─── Supplied entries ───

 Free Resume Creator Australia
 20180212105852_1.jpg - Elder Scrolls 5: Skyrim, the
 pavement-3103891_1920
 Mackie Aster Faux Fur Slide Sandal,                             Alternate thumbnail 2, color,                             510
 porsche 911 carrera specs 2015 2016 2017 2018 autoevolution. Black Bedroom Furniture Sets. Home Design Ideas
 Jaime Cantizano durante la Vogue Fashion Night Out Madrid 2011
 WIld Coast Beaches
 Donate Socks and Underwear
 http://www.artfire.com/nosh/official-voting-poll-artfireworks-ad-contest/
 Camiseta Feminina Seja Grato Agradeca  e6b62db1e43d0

───

* _Task goal_: A faithful retyping of every entry above is the task.

* _Output for this task_:
 Free Resume Creator Australia
 20180212105852_1.jpg - Elder Scrolls 5: Skyrim, the
 pavement-3103891_1920
 Mackie Aster Faux Fur Slide Sandal,                             Alternate thumbnail 2, color,                             510
 porsche 911 carrera specs 2015 2016 2017 2018 autoevolution. Black Bedroom Furniture Sets. Home Design Ideas
 Jaime Cantizano durante la Vogue Fashion Night Out Madrid 2011
 WIld Coast Beaches
 Donate Socks and Underwear
 http://www.artfire.com/nosh/official-voting-poll-artfireworks-ad-contest/
 Camiseta Feminina Seja Grato Agradeca  e6b62db1e43d0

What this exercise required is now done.